However, for me this issue just presents several questions:
Is it possible to like something you hate?  Can Spider-Man work in space? After all, James Bond tried this and failed miserably.   How much does a satellite cost?  Will Anna Maria ever find love?  Will the cover match the story?  And what major character will be coming back soon?

All these questions and more will be answered, folks, as we dive into a review of Amazing Spider-Man #9.


The Devil in the Details

Writer: Dan Slott
Penciler: Giuseppe Camuncoli
Inker: Cam Smith
Colorist: Marte Gracia
Lettering: VC’s Joe Caramagna
Cover Artist: Alex Ross
Editor: Nick Lowe


The Story – Pay Attention, This Will Be on the Test

O.K., the plot is pretty simple.  Nick Fury Jr. comes to the Baxter Building.  Spider-Man has a grand plan that involves them going into space.  Junior’s got nothing better to do, so 3-2-1 BLAST OFF! and off the they go.  The problem is that Zodiac still has control over all of SHIELD’s satellites and the only way to regain control is the manually fix them.   Scorpio is surprised by this move (despite having Gemini who can see a day in the future) and frantically sends some satellites to blow them out of the sky.  Junior holds them off while Spider-Man not only fixes the satellites, but also uses them to figure out where Scorpio is keeping the artifact he used the satellites to find (the Orrery).  Spider-Man uses his spaceship to blow up the last of the killer satellites and then free falls back to Paris (yes, you read that correctly) where Scorpio is waiting to kill him letting him know that he has seen the future and Spider-Man’s not in it.
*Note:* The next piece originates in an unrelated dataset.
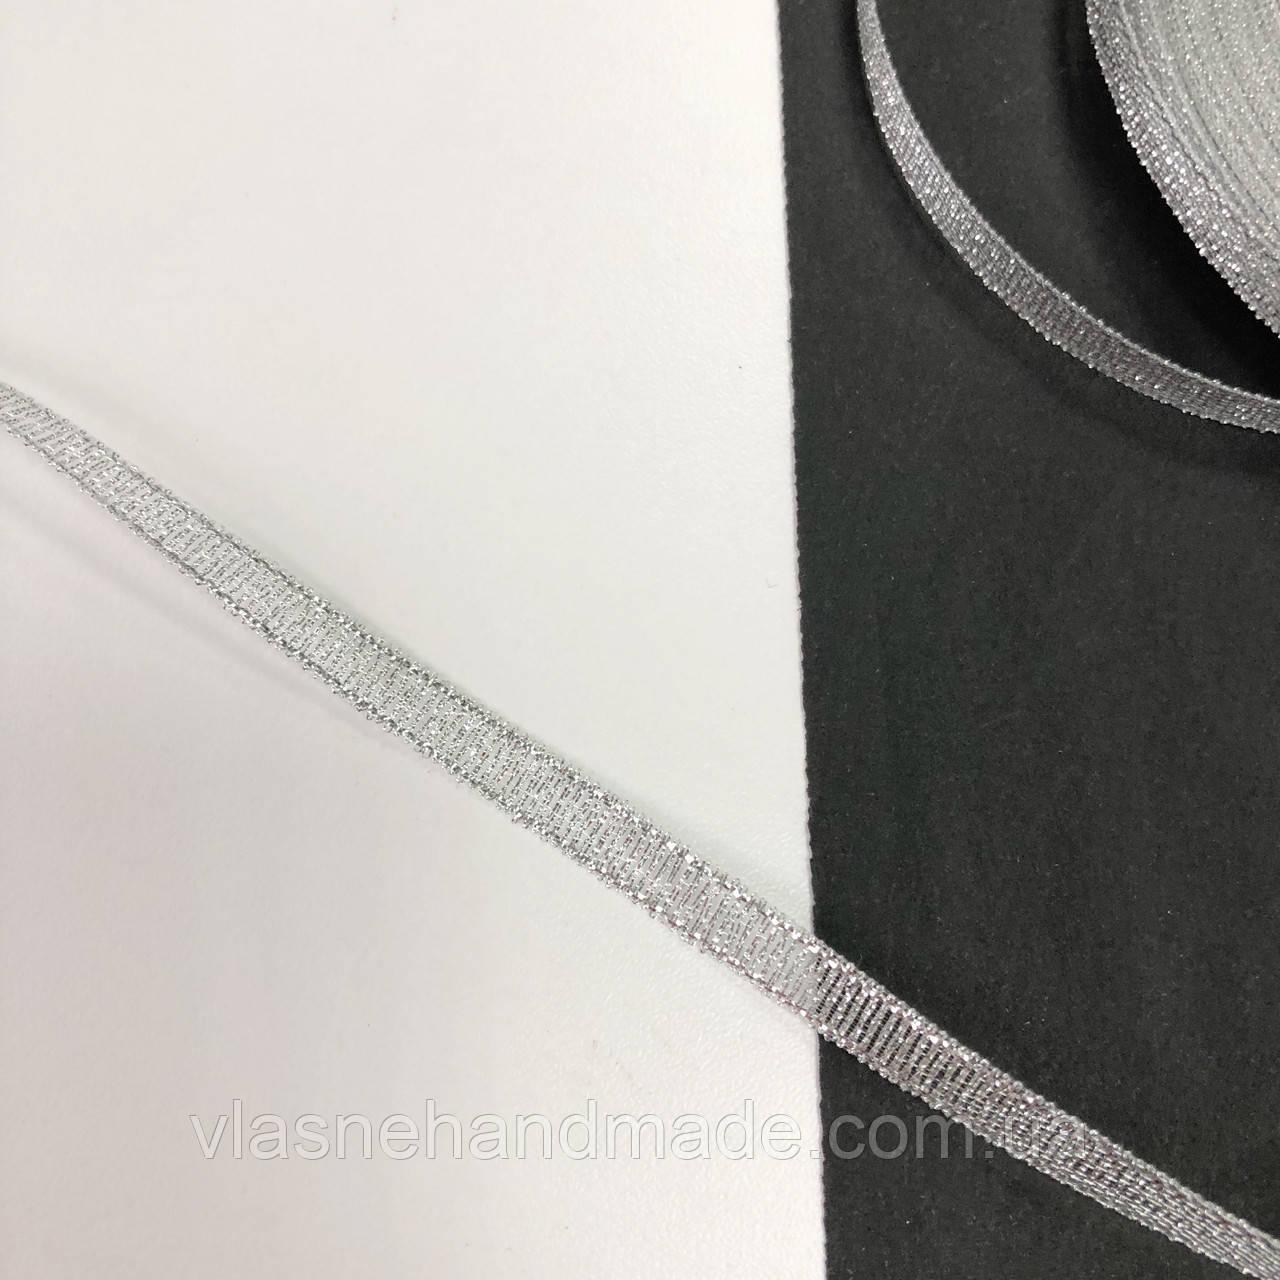 Стрічка для пакування. Срібляста. 6 мм. Ціна за 1 ярд (90 см)

Oh, and Anna’s got a new boyfriend and the Living Brain is having none of it.


What Failed

thorWell, the usual.  P.I. has so much ability even though they are less than a year old.  Spider-Man is in space instead of swinging through the streets.  And so on.  In fact, Slott even addresses the fact that this is not like Spider-Man at all by including the panel to your right.

Plus, I like to have my heads of super villain organizations to be tough.  Scorpio whines through the entire book.  He says things like, “That’s not fair!”

Then there are the reality checks, which I hate to do since we are reading a comic, but sometimes I just need a little more to suspend disbelief.  Can someone survive a free fall from space?  Well, Cheryl Stearns, who is currently going for a jump from the stratosphere for a world record says that about 110,000 feet is about as far as a person can push it.  Well, I’ll give Spider-Man more credit since he can do anything a spider can and all, and plus he does have a  pretty nifty space suit, so let’s say he ca do, oh, ten times that and can fall safely from over 1 million feet.  We still have a problem since he is at satellite height and that’s at, oh 117.5 million feet.  (Yes, I am that much of a nerd and looked it up.)  But, I am reading comics and if I am told I have to believe that Spidey can do “ballooning” while keeping up with a jet engine (just read ASM 1.2), I guess I can stomach this.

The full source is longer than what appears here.